Unfortunately for Lamarck, over the years his many contributions to evolution have fallen into disrepute . From 1819 onwards he became blind, in fact having to dictate some of his works to his daughters. In addition, his third wife, Julius Maillet, died during this period. All this, together with the collapse of the author’s little prestige, caused him to become poorer and sicker.

His last years of life were spent in the care of his daughters, ignored and with hardly any recognition. He died on December 18, 1829, at the age of 85, in Paris.

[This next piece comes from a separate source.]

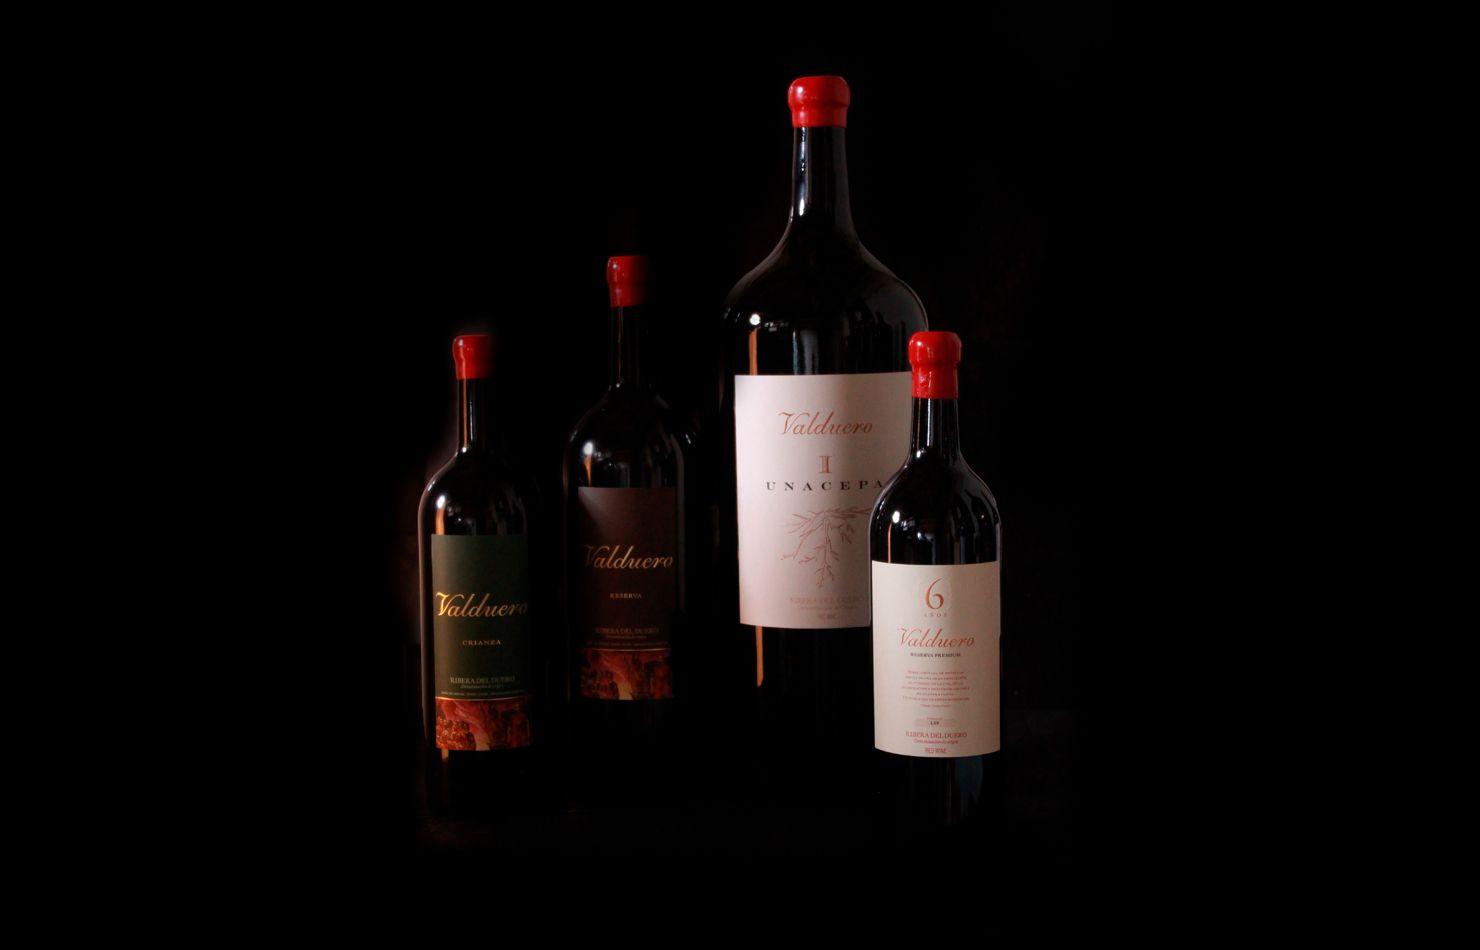 vinos valduero, Vino Ribera del Duero, VIno tinto
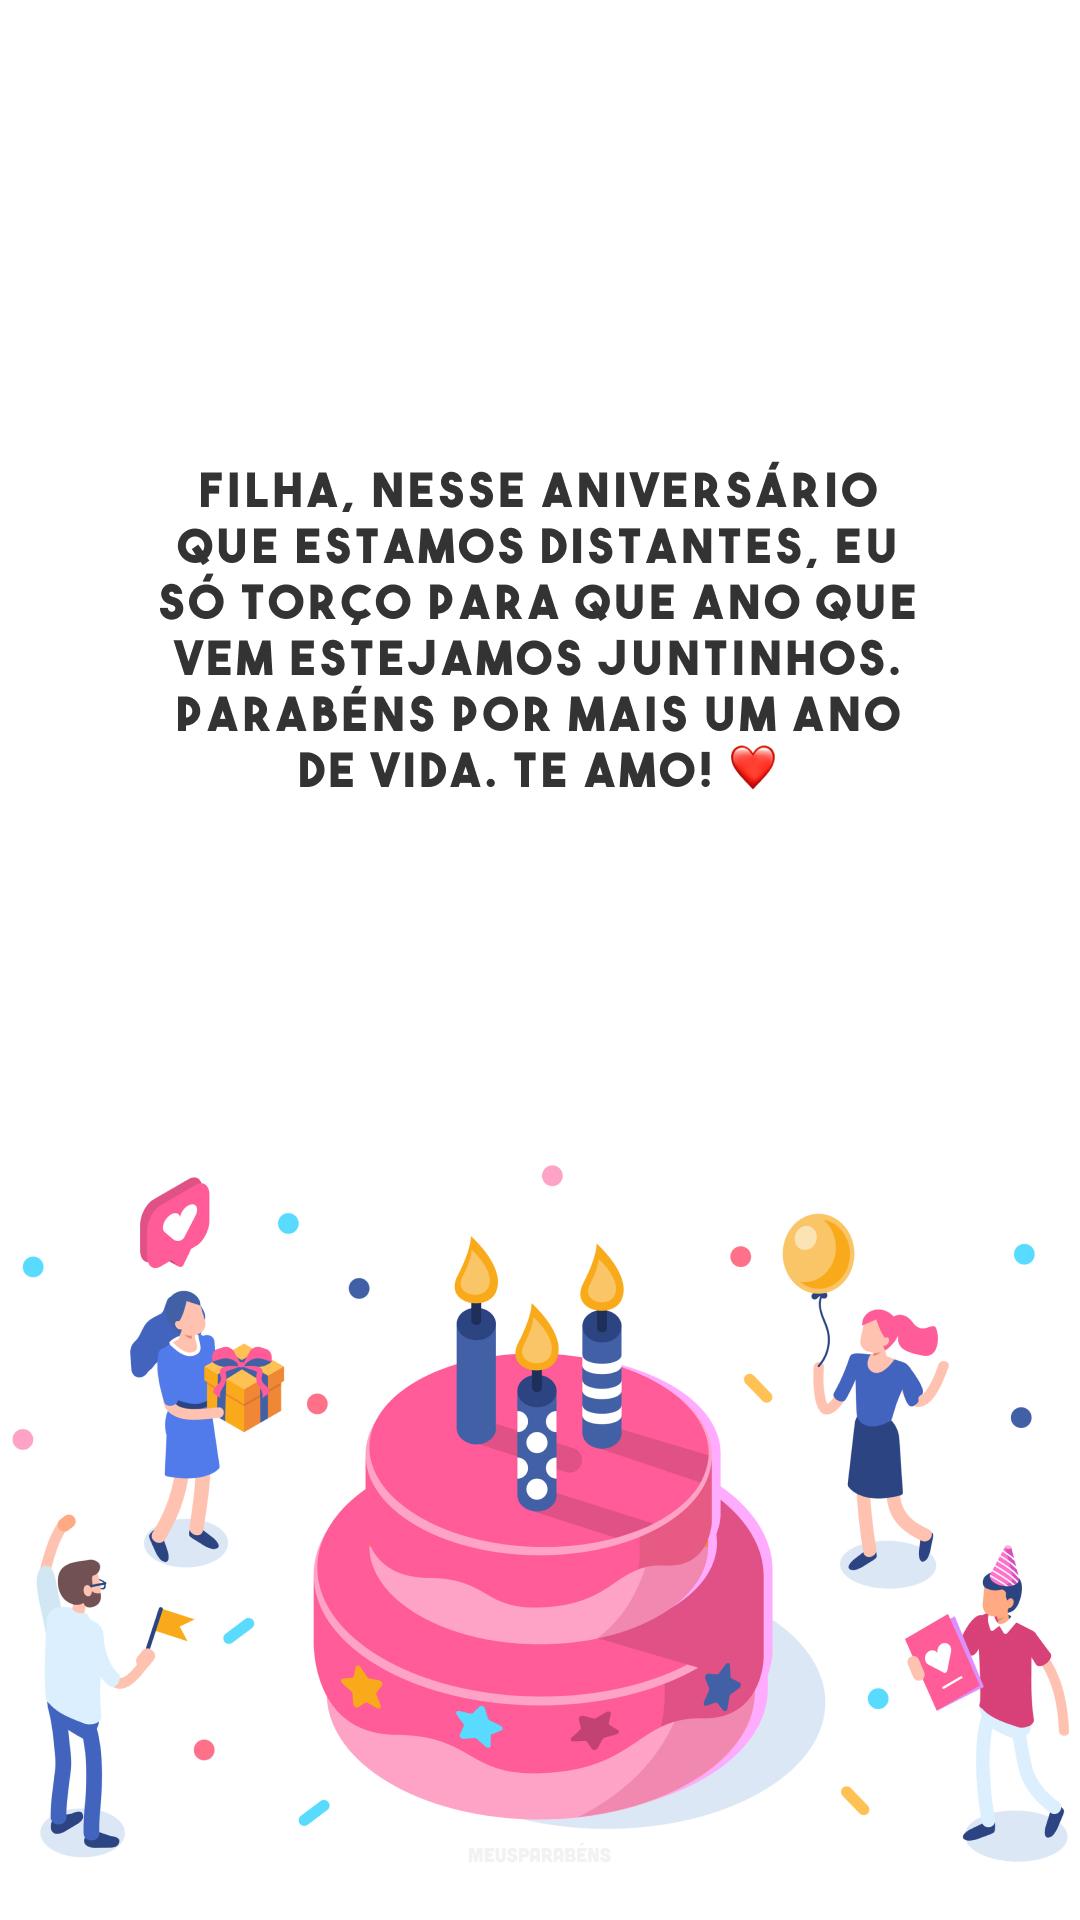 Filha, nesse aniversário que estamos distantes, eu só torço para que ano que vem estejamos juntinhos. Parabéns por mais um ano de vida. Te amo! ❤️

Despite the fact that Lamarck’s theory of evolution has been outdated and surpassed by Darwin’s and that in the last years of his life it was discredited and ignored, with the passage of time his ideas have been seen as an important advance in the scientific knowledge of the time in which he lived and has served as the basis for multiple theories. Furthermore, although he is not as well known, his concepts and classifications are those of invertebrates, or the term biology, as well as contributing greatly to the development of both botany and zoology.

Bibliographic references:

  • Dawkins, R. (1986). The Blind Watchmaker. Barcelona: Editorial Labor.
  • Harris, L. (1981). Evolution. Genesis and Revelations. Barcelona: Hermann Blume Ediciones.